Task instructions
For every entry that follows, return an identical copy.

┄┄┄┄┄┄┄┄┄┄┄┄┄┄┄┄┄┄┄┄

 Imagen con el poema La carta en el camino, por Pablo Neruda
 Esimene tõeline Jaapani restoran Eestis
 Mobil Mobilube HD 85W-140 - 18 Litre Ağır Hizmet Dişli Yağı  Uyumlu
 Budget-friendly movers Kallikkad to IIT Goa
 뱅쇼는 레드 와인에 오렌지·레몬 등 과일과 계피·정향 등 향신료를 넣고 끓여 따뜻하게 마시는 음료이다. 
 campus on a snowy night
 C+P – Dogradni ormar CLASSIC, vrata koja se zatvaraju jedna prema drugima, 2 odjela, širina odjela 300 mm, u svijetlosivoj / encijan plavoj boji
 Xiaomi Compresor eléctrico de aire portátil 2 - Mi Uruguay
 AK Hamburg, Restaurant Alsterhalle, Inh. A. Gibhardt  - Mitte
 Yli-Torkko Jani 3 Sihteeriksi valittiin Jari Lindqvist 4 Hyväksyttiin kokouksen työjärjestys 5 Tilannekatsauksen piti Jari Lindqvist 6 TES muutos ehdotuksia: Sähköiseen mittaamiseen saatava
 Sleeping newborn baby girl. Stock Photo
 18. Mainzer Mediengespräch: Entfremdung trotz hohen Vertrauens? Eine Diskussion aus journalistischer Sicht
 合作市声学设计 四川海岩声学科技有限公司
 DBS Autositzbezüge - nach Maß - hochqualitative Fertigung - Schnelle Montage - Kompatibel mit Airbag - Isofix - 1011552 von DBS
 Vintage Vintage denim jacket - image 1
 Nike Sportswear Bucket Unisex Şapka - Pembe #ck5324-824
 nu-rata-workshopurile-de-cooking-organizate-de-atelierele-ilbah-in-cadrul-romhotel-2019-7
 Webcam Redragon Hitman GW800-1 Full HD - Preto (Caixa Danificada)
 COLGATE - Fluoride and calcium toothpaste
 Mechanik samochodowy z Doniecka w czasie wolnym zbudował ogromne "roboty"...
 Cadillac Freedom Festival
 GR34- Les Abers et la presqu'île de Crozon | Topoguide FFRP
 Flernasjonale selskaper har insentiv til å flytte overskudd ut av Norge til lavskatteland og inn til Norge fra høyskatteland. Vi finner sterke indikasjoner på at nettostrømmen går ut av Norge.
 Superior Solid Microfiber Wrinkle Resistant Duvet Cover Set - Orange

┄┄┄┄┄┄┄┄┄┄┄┄┄┄┄┄┄┄┄┄

Reply to the exercise
 Imagen con el poema La carta en el camino, por Pablo Neruda
 Esimene tõeline Jaapani restoran Eestis
 Mobil Mobilube HD 85W-140 - 18 Litre Ağır Hizmet Dişli Yağı  Uyumlu
 Budget-friendly movers Kallikkad to IIT Goa
 뱅쇼는 레드 와인에 오렌지·레몬 등 과일과 계피·정향 등 향신료를 넣고 끓여 따뜻하게 마시는 음료이다. 
 campus on a snowy night
 C+P – Dogradni ormar CLASSIC, vrata koja se zatvaraju jedna prema drugima, 2 odjela, širina odjela 300 mm, u svijetlosivoj / encijan plavoj boji
 Xiaomi Compresor eléctrico de aire portátil 2 - Mi Uruguay
 AK Hamburg, Restaurant Alsterhalle, Inh. A. Gibhardt  - Mitte
 Yli-Torkko Jani 3 Sihteeriksi valittiin Jari Lindqvist 4 Hyväksyttiin kokouksen työjärjestys 5 Tilannekatsauksen piti Jari Lindqvist 6 TES muutos ehdotuksia: Sähköiseen mittaamiseen saatava
 Sleeping newborn baby girl. Stock Photo
 18. Mainzer Mediengespräch: Entfremdung trotz hohen Vertrauens? Eine Diskussion aus journalistischer Sicht
 合作市声学设计 四川海岩声学科技有限公司
 DBS Autositzbezüge - nach Maß - hochqualitative Fertigung - Schnelle Montage - Kompatibel mit Airbag - Isofix - 1011552 von DBS
 Vintage Vintage denim jacket - image 1
 Nike Sportswear Bucket Unisex Şapka - Pembe #ck5324-824
 nu-rata-workshopurile-de-cooking-organizate-de-atelierele-ilbah-in-cadrul-romhotel-2019-7
 Webcam Redragon Hitman GW800-1 Full HD - Preto (Caixa Danificada)
 COLGATE - Fluoride and calcium toothpaste
 Mechanik samochodowy z Doniecka w czasie wolnym zbudował ogromne "roboty"...
 Cadillac Freedom Festival
 GR34- Les Abers et la presqu'île de Crozon | Topoguide FFRP
 Flernasjonale selskaper har insentiv til å flytte overskudd ut av Norge til lavskatteland og inn til Norge fra høyskatteland. Vi finner sterke indikasjoner på at nettostrømmen går ut av Norge.
 Superior Solid Microfiber Wrinkle Resistant Duvet Cover Set - Orange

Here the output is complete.